START Data section

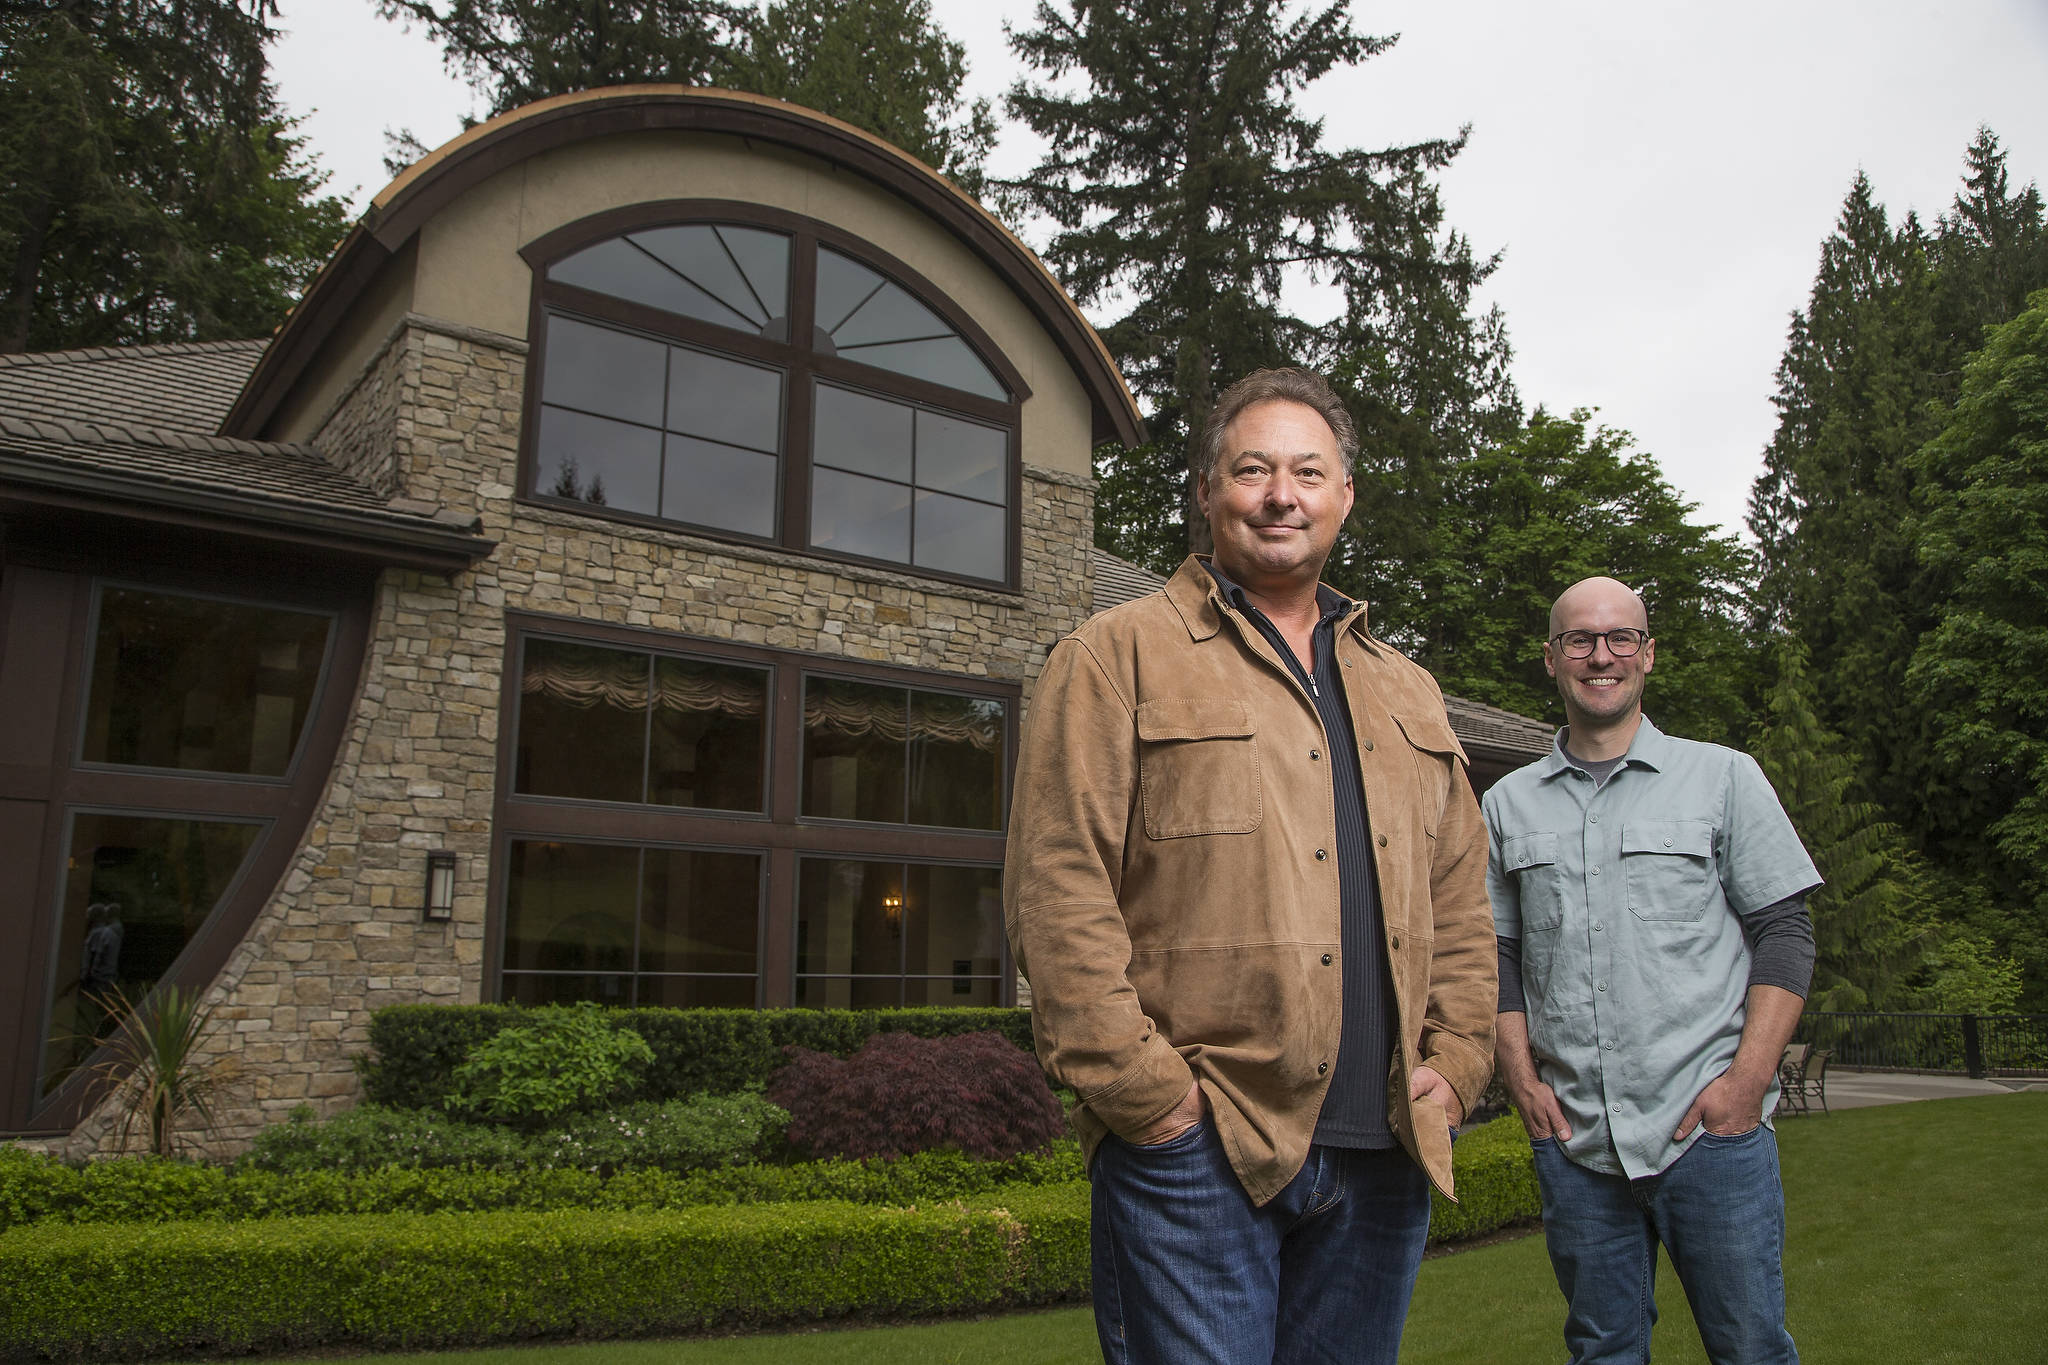 Paul Golitzin, president and director of winemaking, with winemaker Alex Stewart at Quilceda Creek Winery & Cellar on Monday, May 17, 2021 in Snohomish, Washington. (Andy Bronson / The Herald)
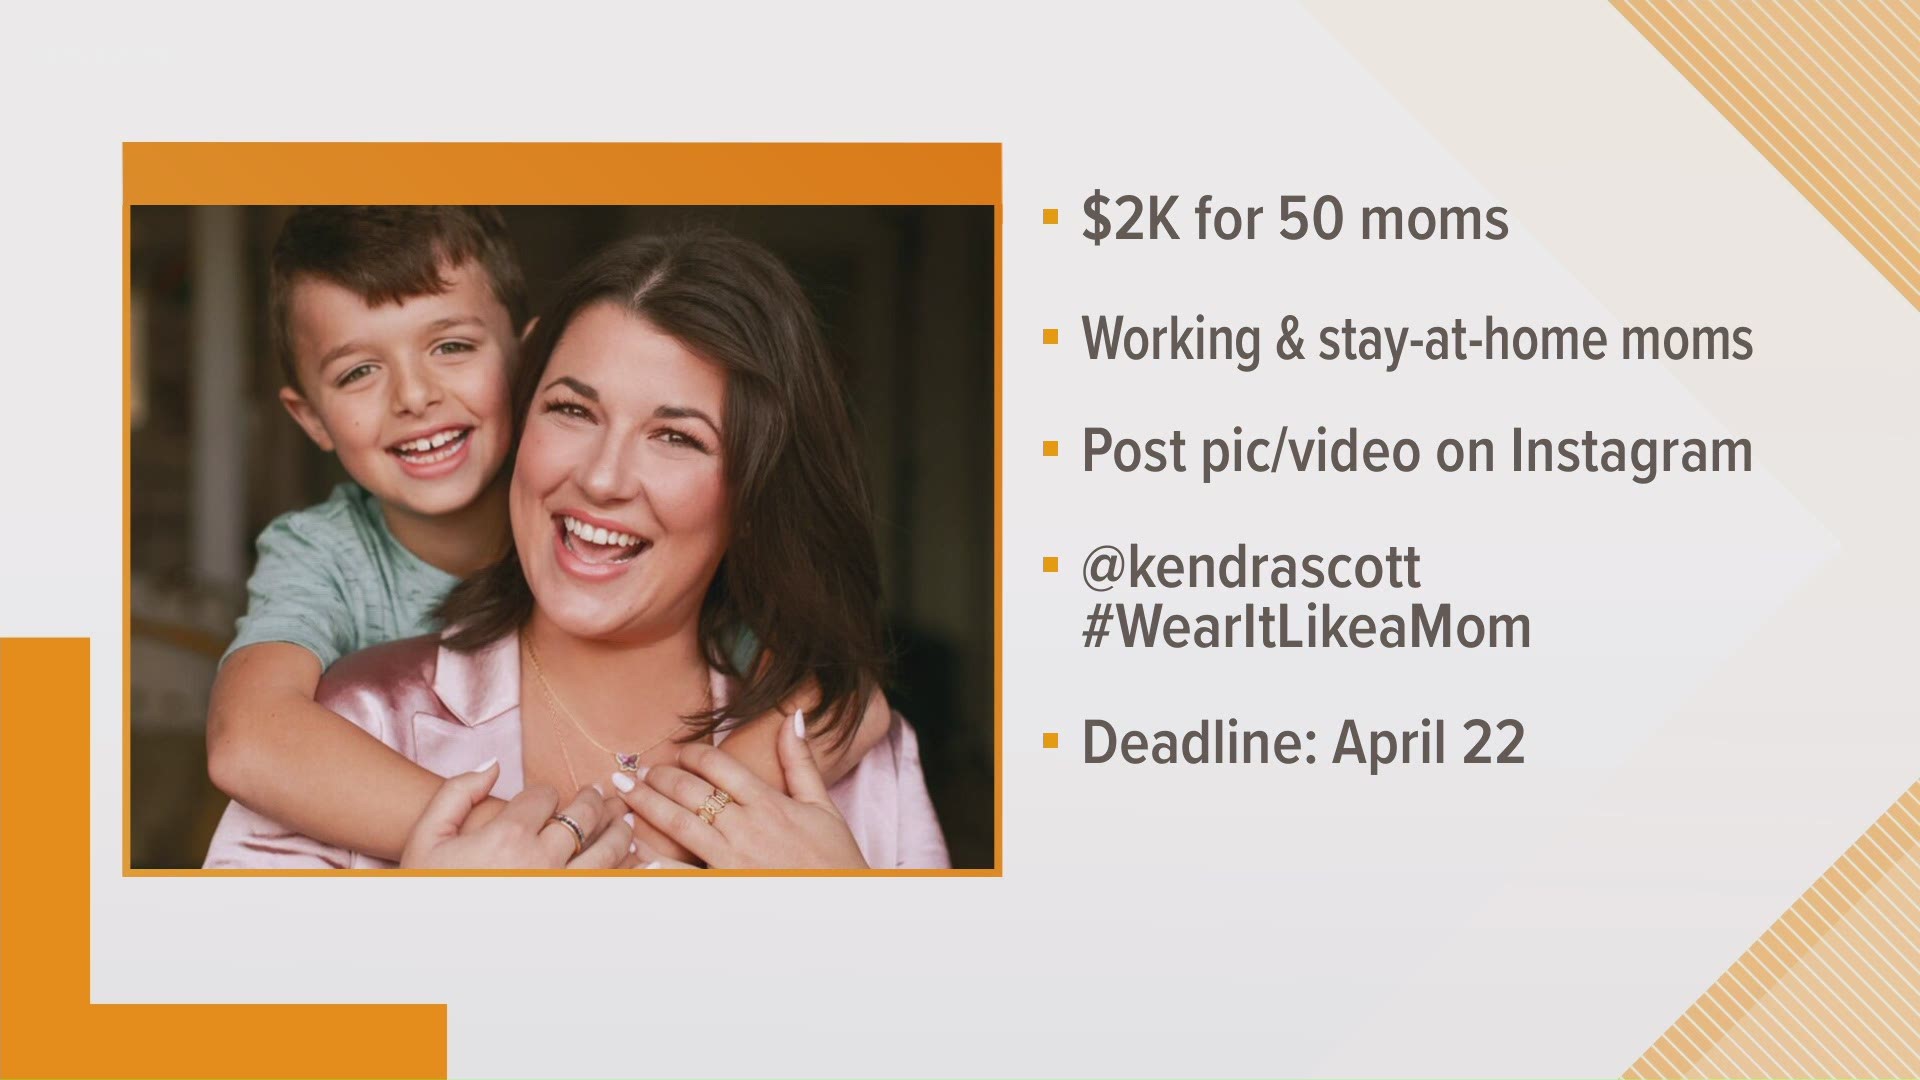 Moms have until April 22 to apply for the gift.
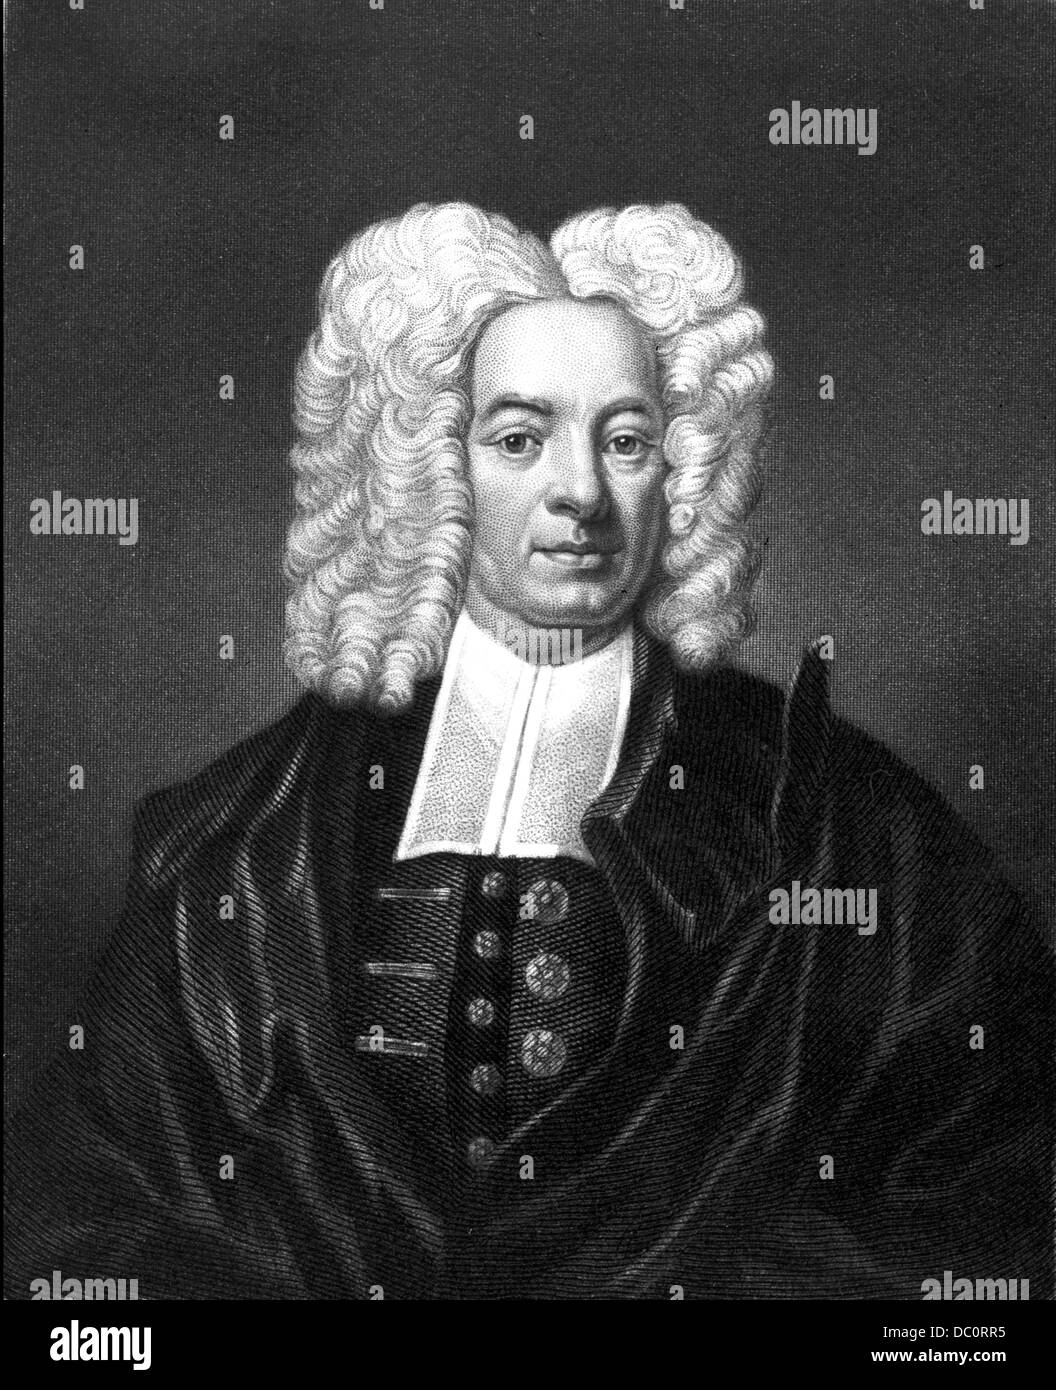 1600s COTTON MATHER NEW ENGLAND PURITAN MINISTER WRITER WHO ACTED AS JUDGE IN SALEM WITCH TRIALS OF 1692 LOOKING AT CAMERA Stock Photo
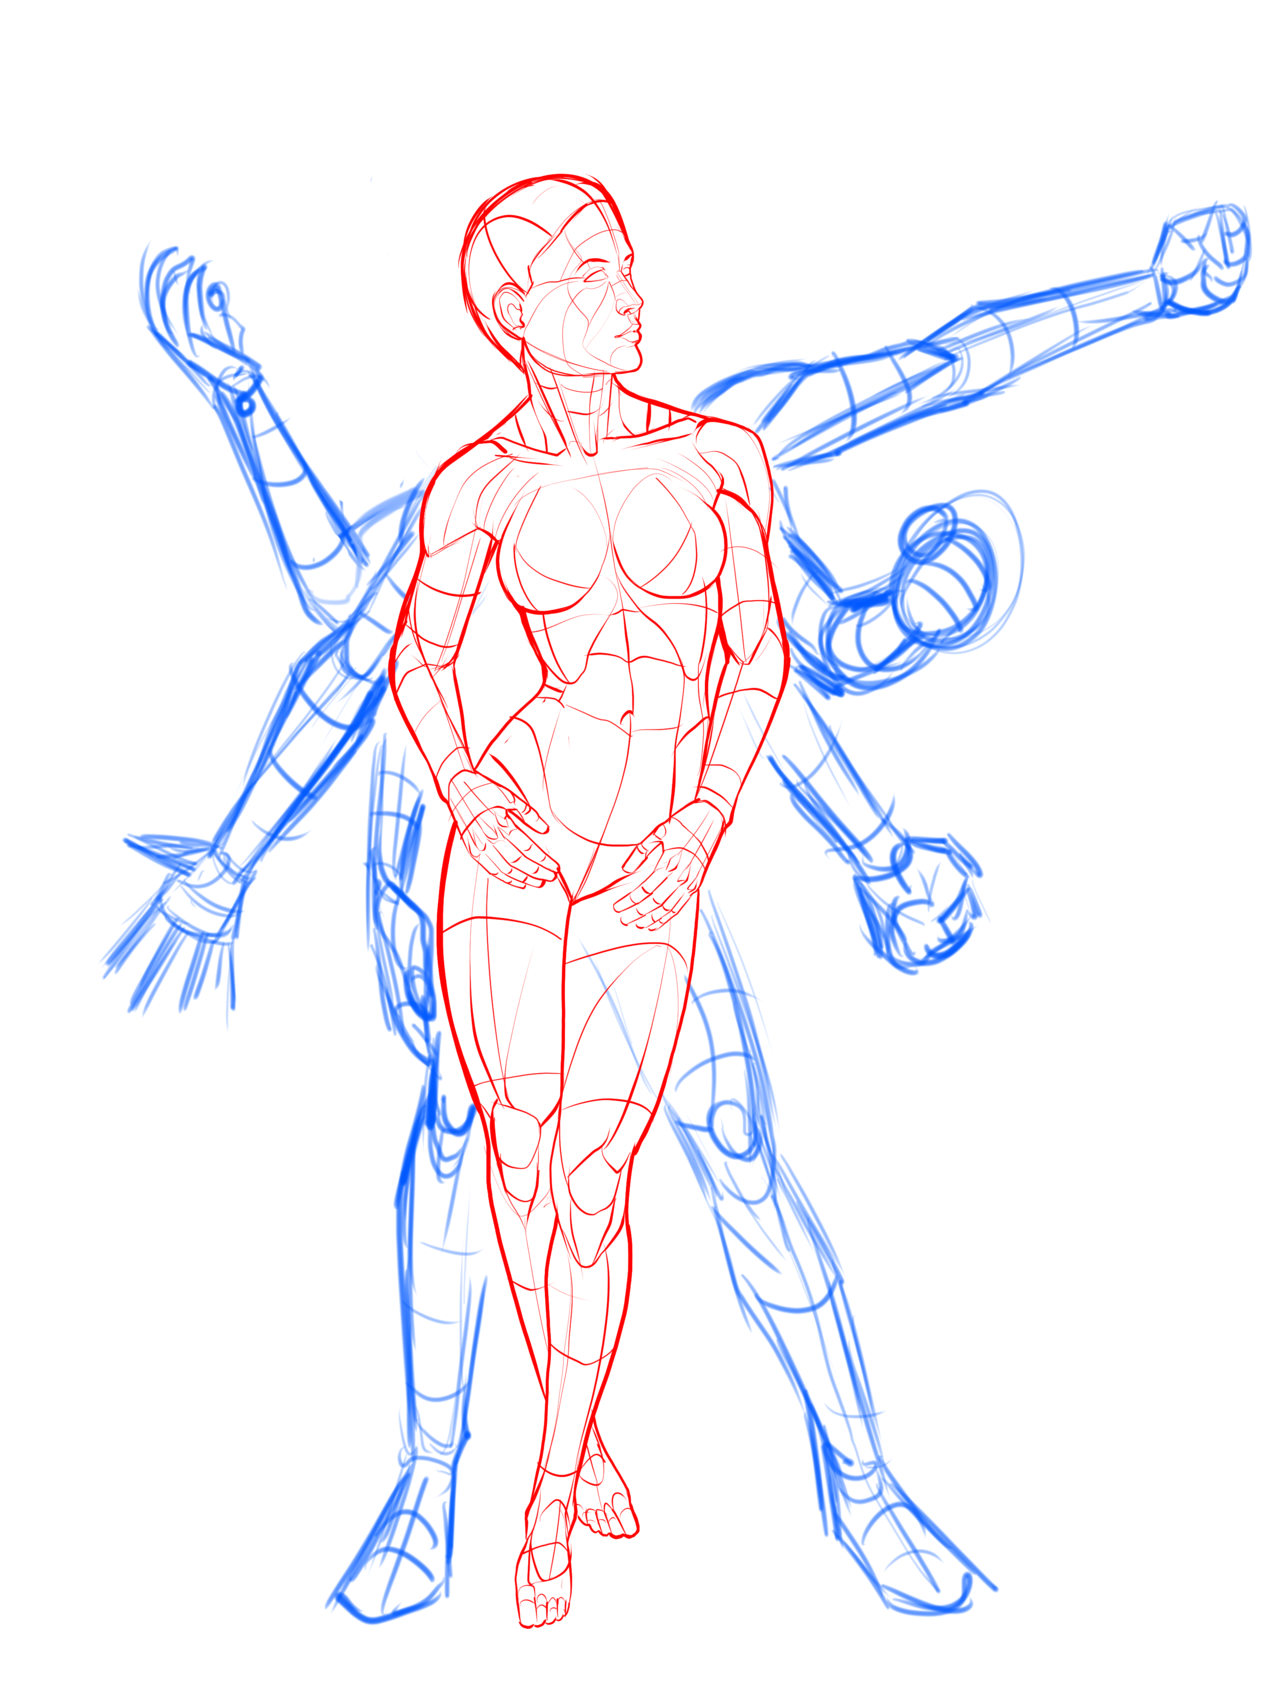 Pose Reference : New pose reference. Enjoy! ~ Justin My Poses for...

END Data section

Reproduce exactly and only the lines from the line that contains "Moms have until" to the end of the data above, both ends included. No pictures go in the copy.

Result of the exercise.
 Moms have until April 22 to apply for the gift.
 1600s COTTON MATHER NEW ENGLAND PURITAN MINISTER WRITER WHO ACTED AS JUDGE IN SALEM WITCH TRIALS OF 1692 LOOKING AT CAMERA Stock Photo
 Pose Reference : New pose reference. Enjoy! ~ Justin My Poses for...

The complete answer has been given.